● What to produce:
Below is a listing to copy exactly; no image goes into the copy.

Segment Start: Data provided

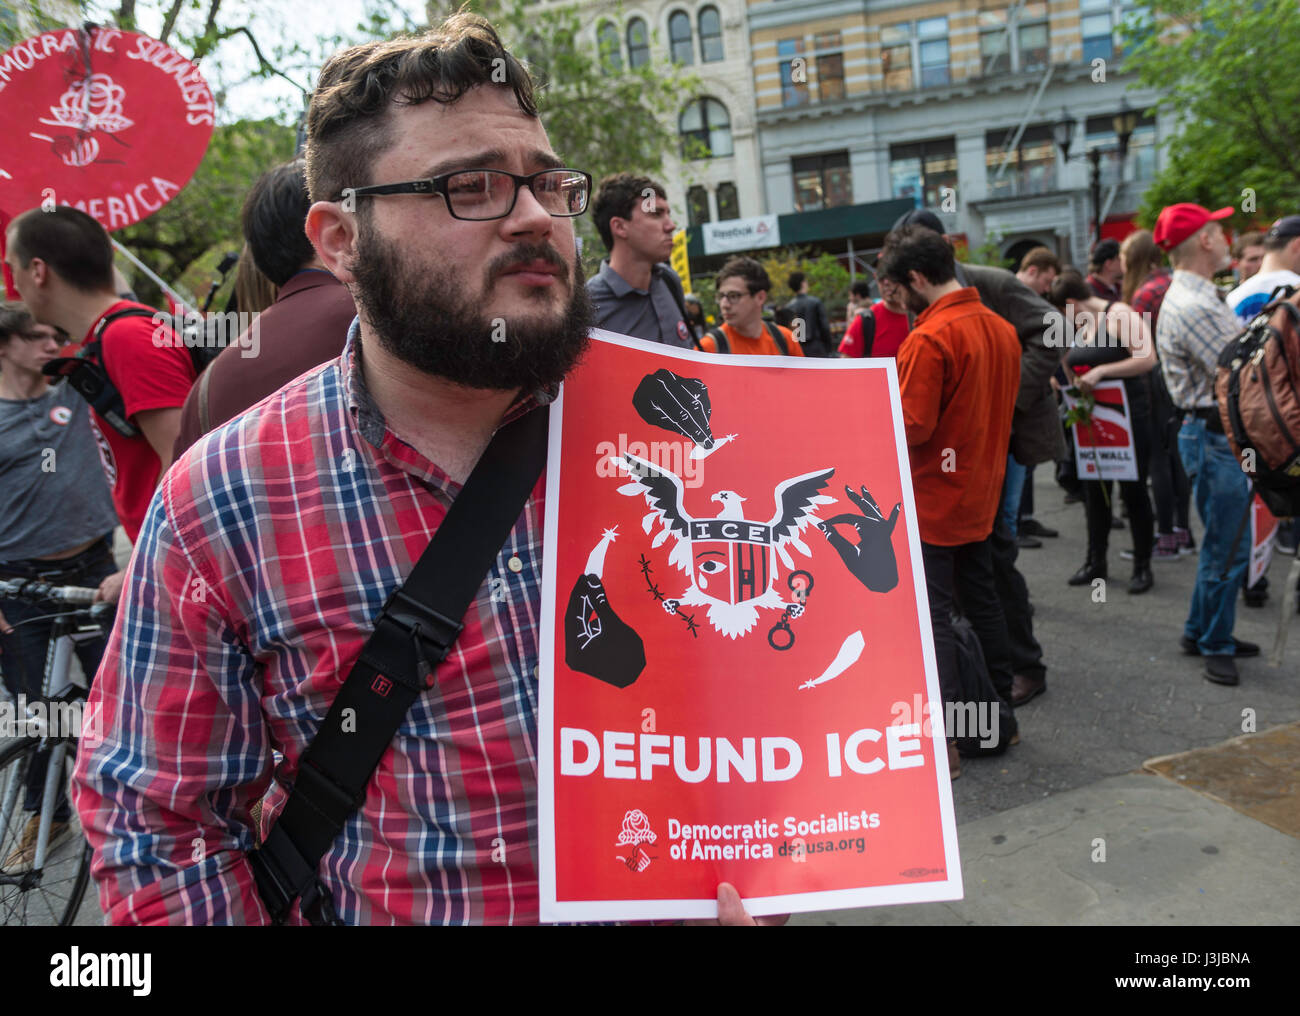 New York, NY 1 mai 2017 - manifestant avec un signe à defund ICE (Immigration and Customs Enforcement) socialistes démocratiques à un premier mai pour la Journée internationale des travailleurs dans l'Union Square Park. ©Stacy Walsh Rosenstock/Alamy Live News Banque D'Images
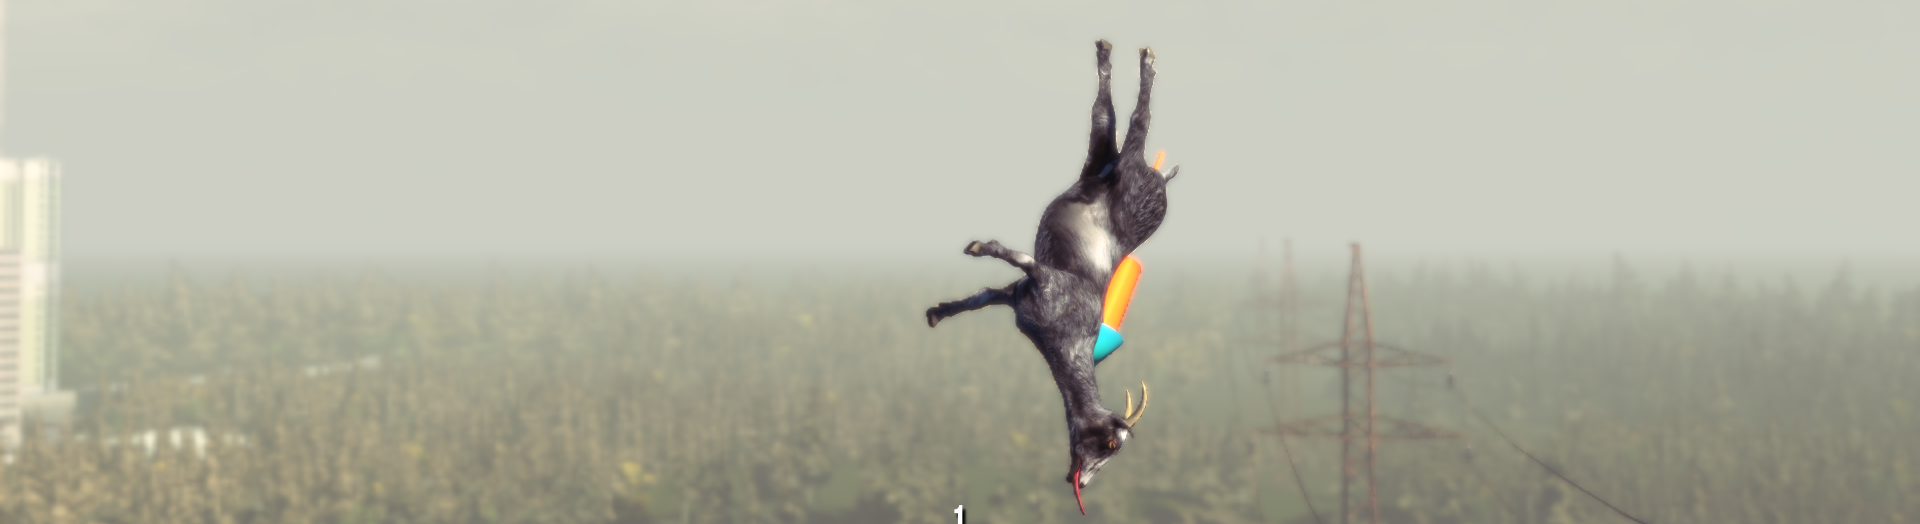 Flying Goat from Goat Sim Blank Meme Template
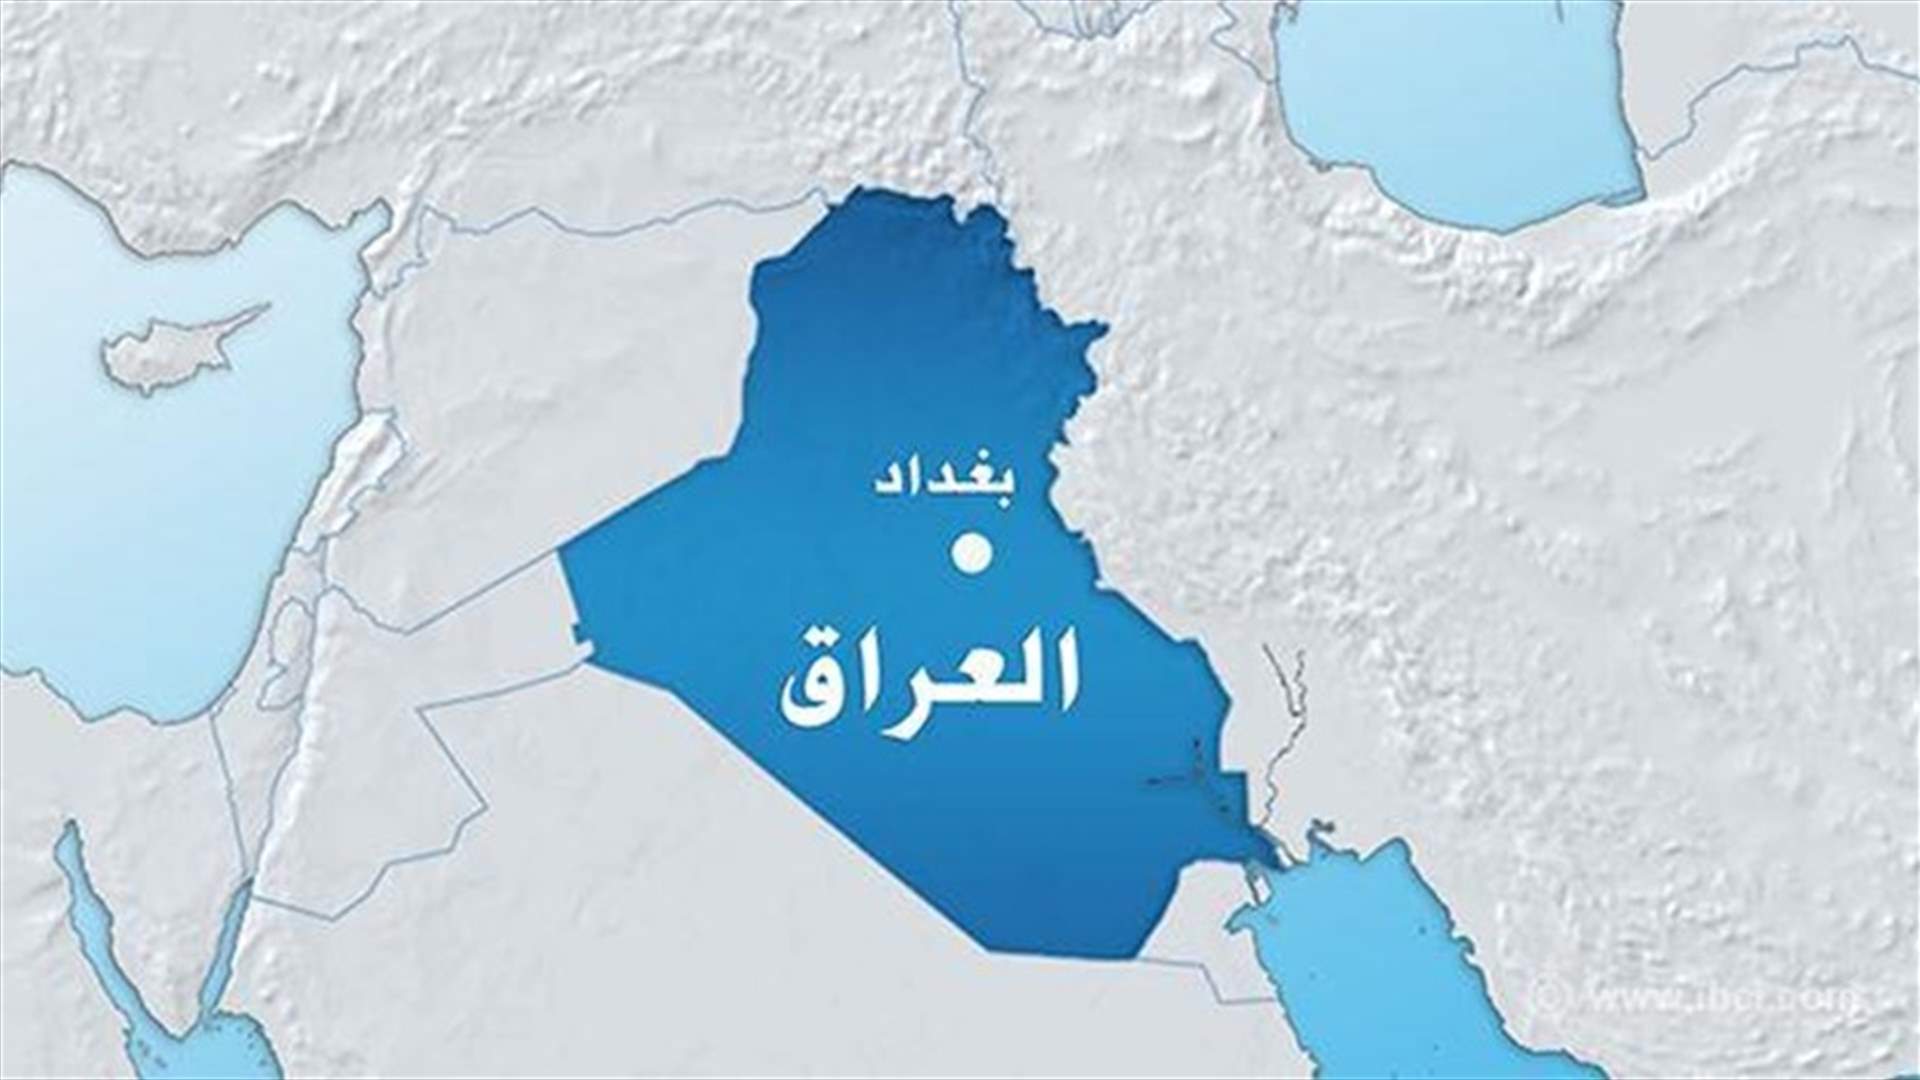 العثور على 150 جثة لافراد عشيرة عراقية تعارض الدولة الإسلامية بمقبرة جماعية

Segment End: Data provided

● Task response:
 New York, NY 1 mai 2017 - manifestant avec un signe à defund ICE (Immigration and Customs Enforcement) socialistes démocratiques à un premier mai pour la Journée internationale des travailleurs dans l'Union Square Park. ©Stacy Walsh Rosenstock/Alamy Live News Banque D'Images
 Flying Goat from Goat Sim Blank Meme Template
 العثور على 150 جثة لافراد عشيرة عراقية تعارض الدولة الإسلامية بمقبرة جماعية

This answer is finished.